= Exercise goal =
Your answer must be the full set of records, repeated exactly.

#### Exercise material ####

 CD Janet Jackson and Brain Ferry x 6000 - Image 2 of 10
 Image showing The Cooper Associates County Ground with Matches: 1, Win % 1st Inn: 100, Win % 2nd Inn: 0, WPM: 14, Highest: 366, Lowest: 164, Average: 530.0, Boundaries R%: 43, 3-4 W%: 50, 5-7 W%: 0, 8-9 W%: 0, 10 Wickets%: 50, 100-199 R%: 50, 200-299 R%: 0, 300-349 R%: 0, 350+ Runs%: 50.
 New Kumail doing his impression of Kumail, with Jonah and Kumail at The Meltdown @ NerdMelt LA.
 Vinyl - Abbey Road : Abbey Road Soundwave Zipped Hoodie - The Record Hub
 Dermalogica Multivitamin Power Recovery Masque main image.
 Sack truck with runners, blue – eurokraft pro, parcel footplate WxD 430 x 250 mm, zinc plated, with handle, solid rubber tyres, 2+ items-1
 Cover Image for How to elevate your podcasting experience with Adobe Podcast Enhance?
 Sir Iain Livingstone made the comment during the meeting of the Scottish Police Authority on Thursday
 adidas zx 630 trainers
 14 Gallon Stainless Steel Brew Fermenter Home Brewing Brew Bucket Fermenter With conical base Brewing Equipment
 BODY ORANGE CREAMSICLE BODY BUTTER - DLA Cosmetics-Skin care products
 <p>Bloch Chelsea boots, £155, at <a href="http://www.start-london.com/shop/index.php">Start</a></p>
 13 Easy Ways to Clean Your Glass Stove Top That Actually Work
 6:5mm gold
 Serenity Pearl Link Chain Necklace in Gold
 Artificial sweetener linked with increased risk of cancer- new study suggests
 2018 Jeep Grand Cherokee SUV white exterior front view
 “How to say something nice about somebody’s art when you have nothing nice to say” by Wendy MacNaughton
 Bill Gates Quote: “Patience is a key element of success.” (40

####

= Expected answer =
 CD Janet Jackson and Brain Ferry x 6000 - Image 2 of 10
 Image showing The Cooper Associates County Ground with Matches: 1, Win % 1st Inn: 100, Win % 2nd Inn: 0, WPM: 14, Highest: 366, Lowest: 164, Average: 530.0, Boundaries R%: 43, 3-4 W%: 50, 5-7 W%: 0, 8-9 W%: 0, 10 Wickets%: 50, 100-199 R%: 50, 200-299 R%: 0, 300-349 R%: 0, 350+ Runs%: 50.
 New Kumail doing his impression of Kumail, with Jonah and Kumail at The Meltdown @ NerdMelt LA.
 Vinyl - Abbey Road : Abbey Road Soundwave Zipped Hoodie - The Record Hub
 Dermalogica Multivitamin Power Recovery Masque main image.
 Sack truck with runners, blue – eurokraft pro, parcel footplate WxD 430 x 250 mm, zinc plated, with handle, solid rubber tyres, 2+ items-1
 Cover Image for How to elevate your podcasting experience with Adobe Podcast Enhance?
 Sir Iain Livingstone made the comment during the meeting of the Scottish Police Authority on Thursday
 adidas zx 630 trainers
 14 Gallon Stainless Steel Brew Fermenter Home Brewing Brew Bucket Fermenter With conical base Brewing Equipment
 BODY ORANGE CREAMSICLE BODY BUTTER - DLA Cosmetics-Skin care products
 <p>Bloch Chelsea boots, £155, at <a href="http://www.start-london.com/shop/index.php">Start</a></p>
 13 Easy Ways to Clean Your Glass Stove Top That Actually Work
 6:5mm gold
 Serenity Pearl Link Chain Necklace in Gold
 Artificial sweetener linked with increased risk of cancer- new study suggests
 2018 Jeep Grand Cherokee SUV white exterior front view
 “How to say something nice about somebody’s art when you have nothing nice to say” by Wendy MacNaughton
 Bill Gates Quote: “Patience is a key element of success.” (40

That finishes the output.